Brief: Retype the line where "Techmango Wishes Happy" appears and each line that follows it down to the last line of the records below. Leave the pictures out.

Data records:
---------------

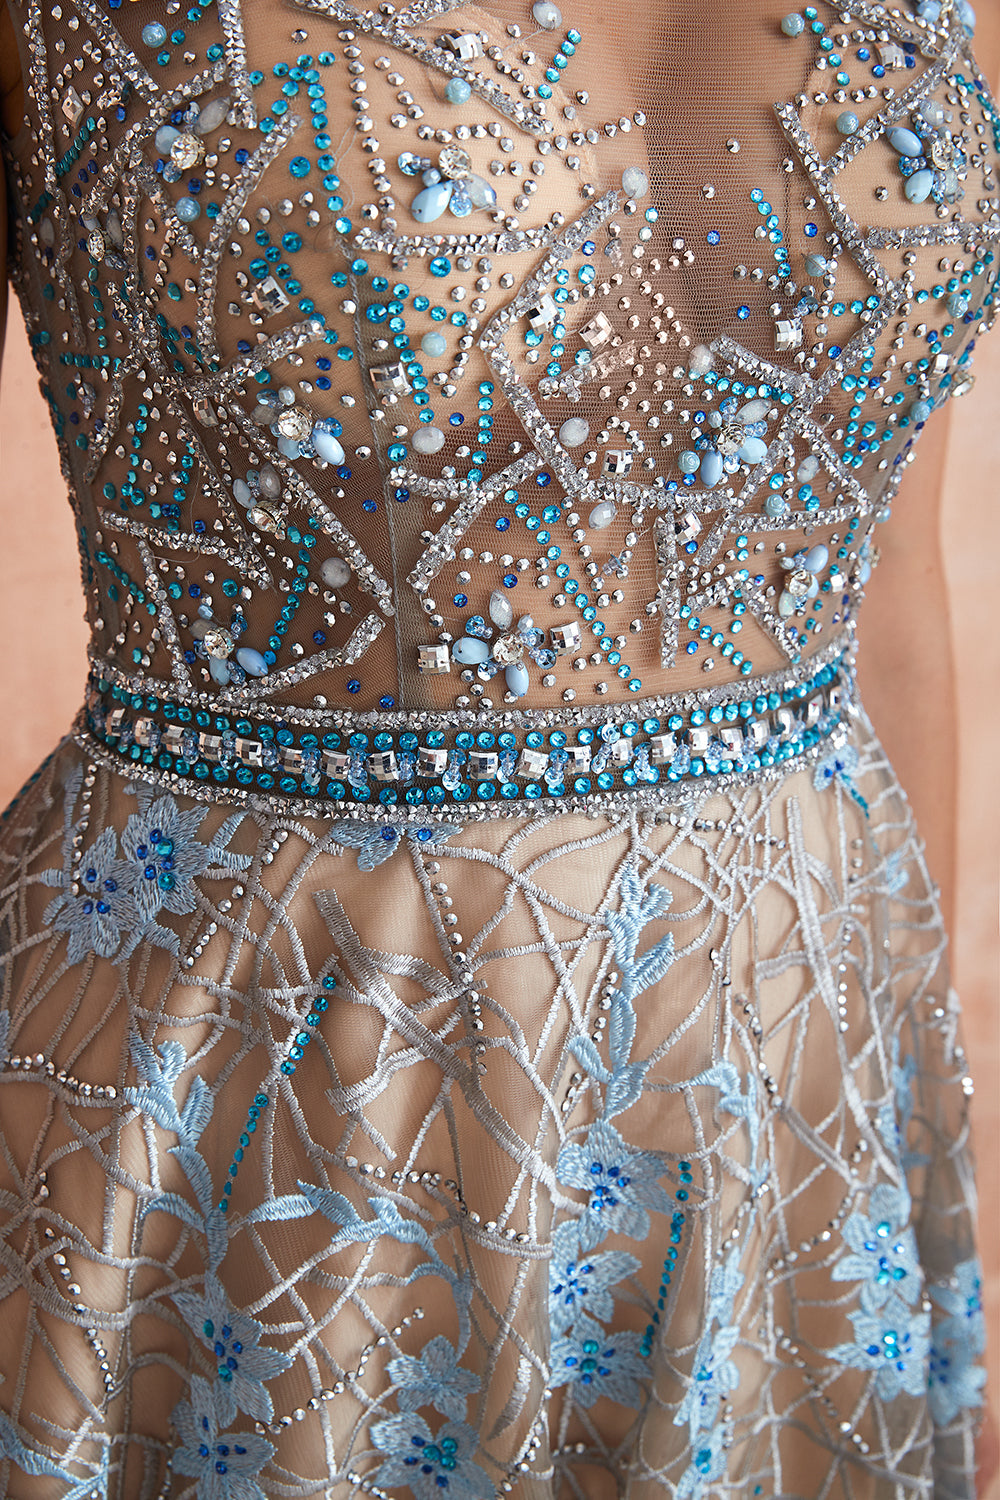 Designer Cap Sleeves Crystal Long Prom Dress With Blue Appliques
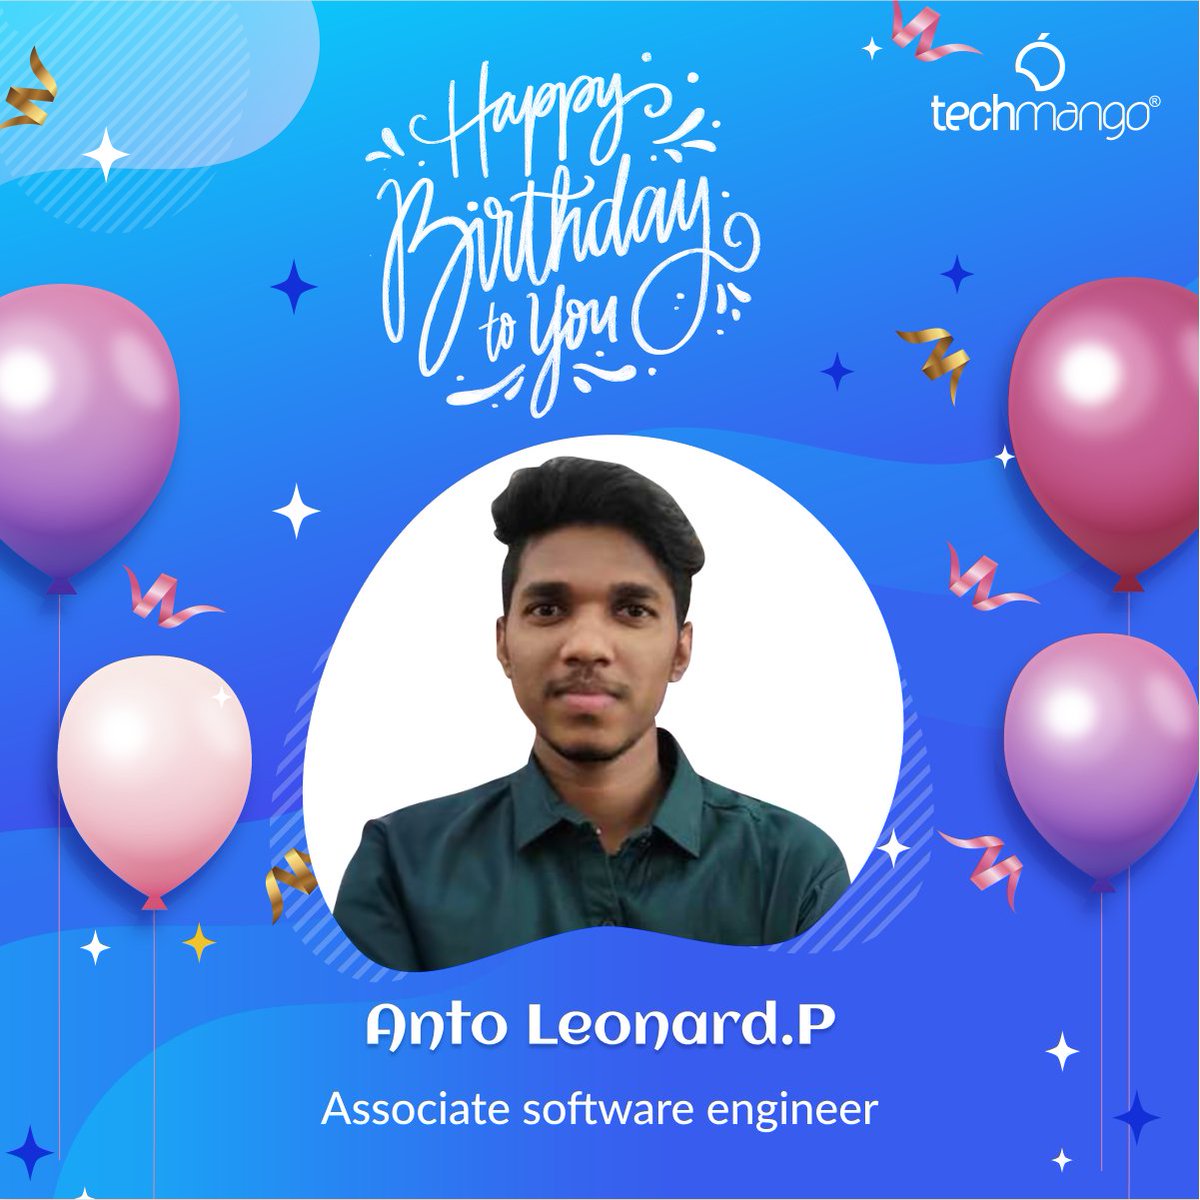 Techmango Wishes Happy Birthday to Anto Leonard

May this birthday be the beginning of an incredible journey towards your goals and aspirations.

#happybirthday #birthdaycelebration #birthday #happy #gift #celebration #birthdaywish #cakecutting #techmango #happyday #happiness
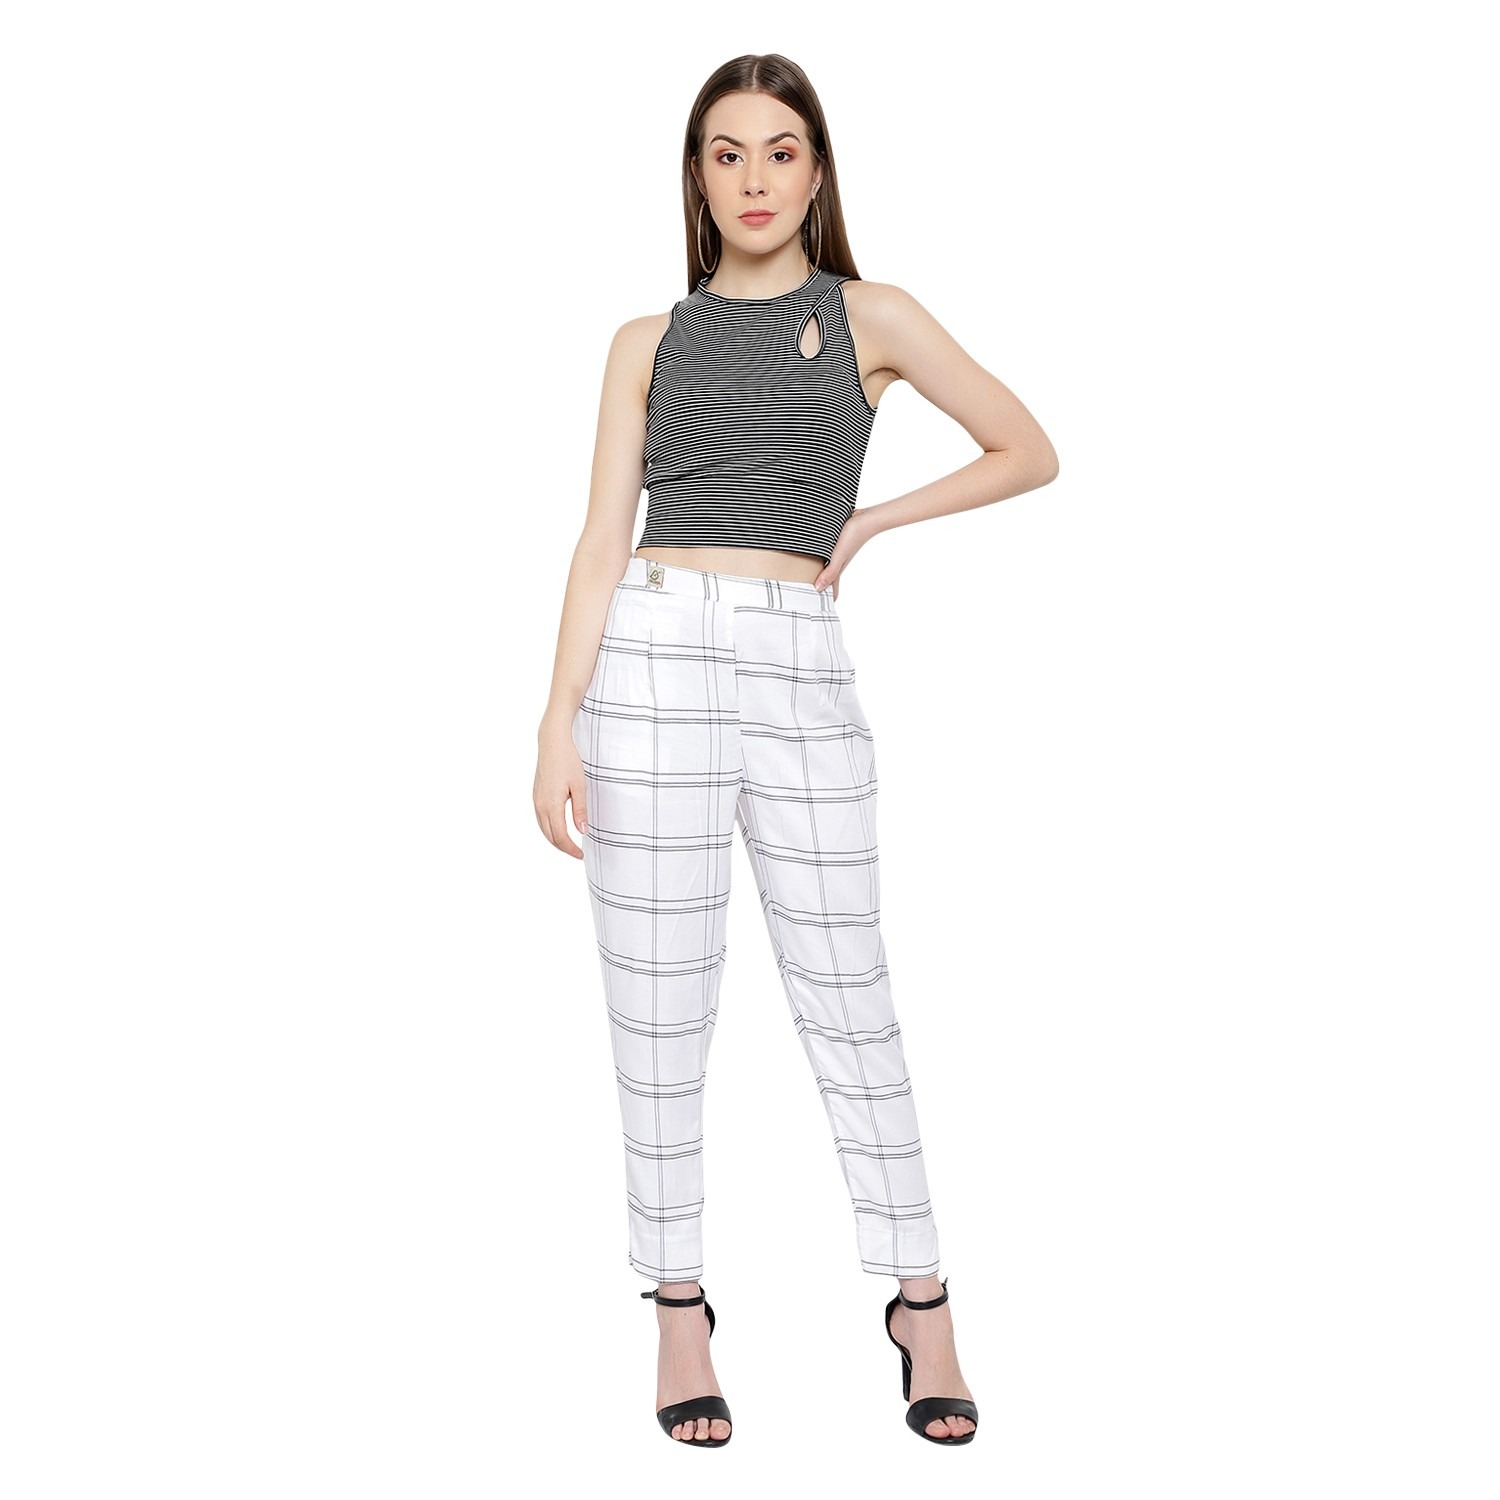 Plus Size Black White Houndstooth Checkered Pants Online in India | Amydus
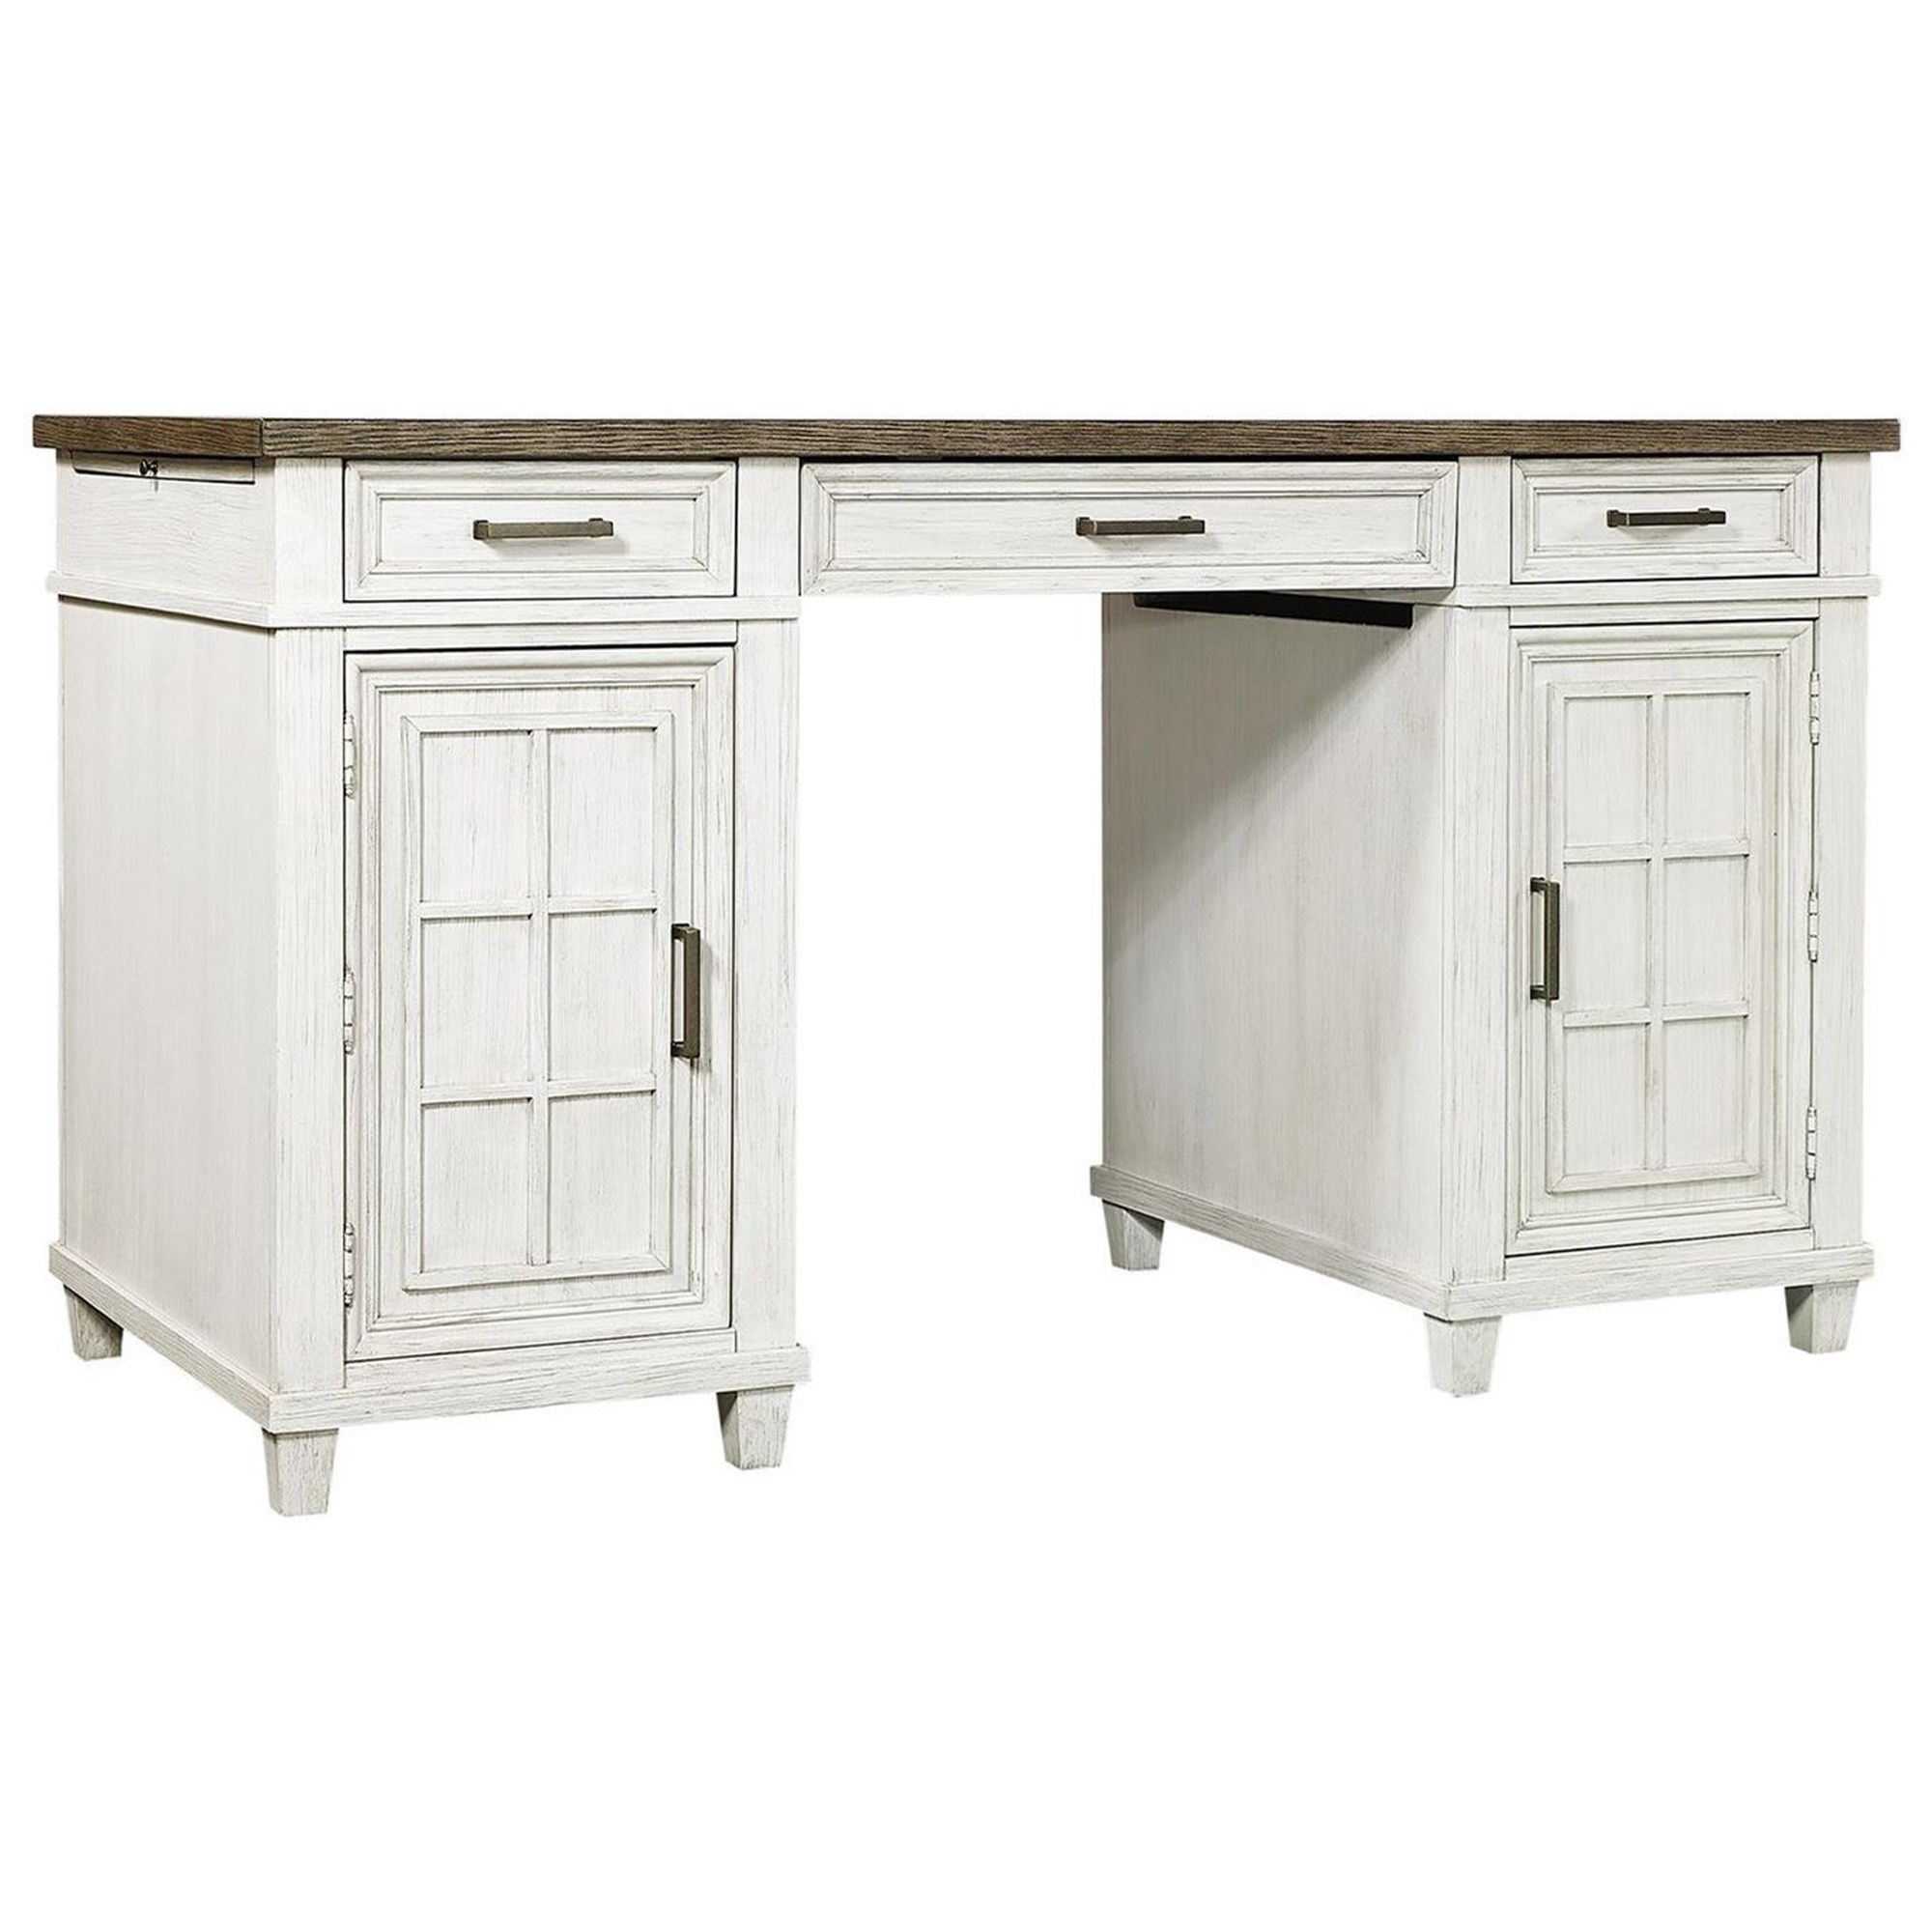 Outlets Furniture - Work Height Desk Table Caraway 248303492 | Desk 2 Farmhouse | Belfort AC Desks with Aspenhome Pullout Surface and Counter

---------------

Answer section:
 Techmango Wishes Happy Birthday to Anto Leonard

May this birthday be the beginning of an incredible journey towards your goals and aspirations.

#happybirthday #birthdaycelebration #birthday #happy #gift #celebration #birthdaywish #cakecutting #techmango #happyday #happiness
 Plus Size Black White Houndstooth Checkered Pants Online in India | Amydus
 Outlets Furniture - Work Height Desk Table Caraway 248303492 | Desk 2 Farmhouse | Belfort AC Desks with Aspenhome Pullout Surface and Counter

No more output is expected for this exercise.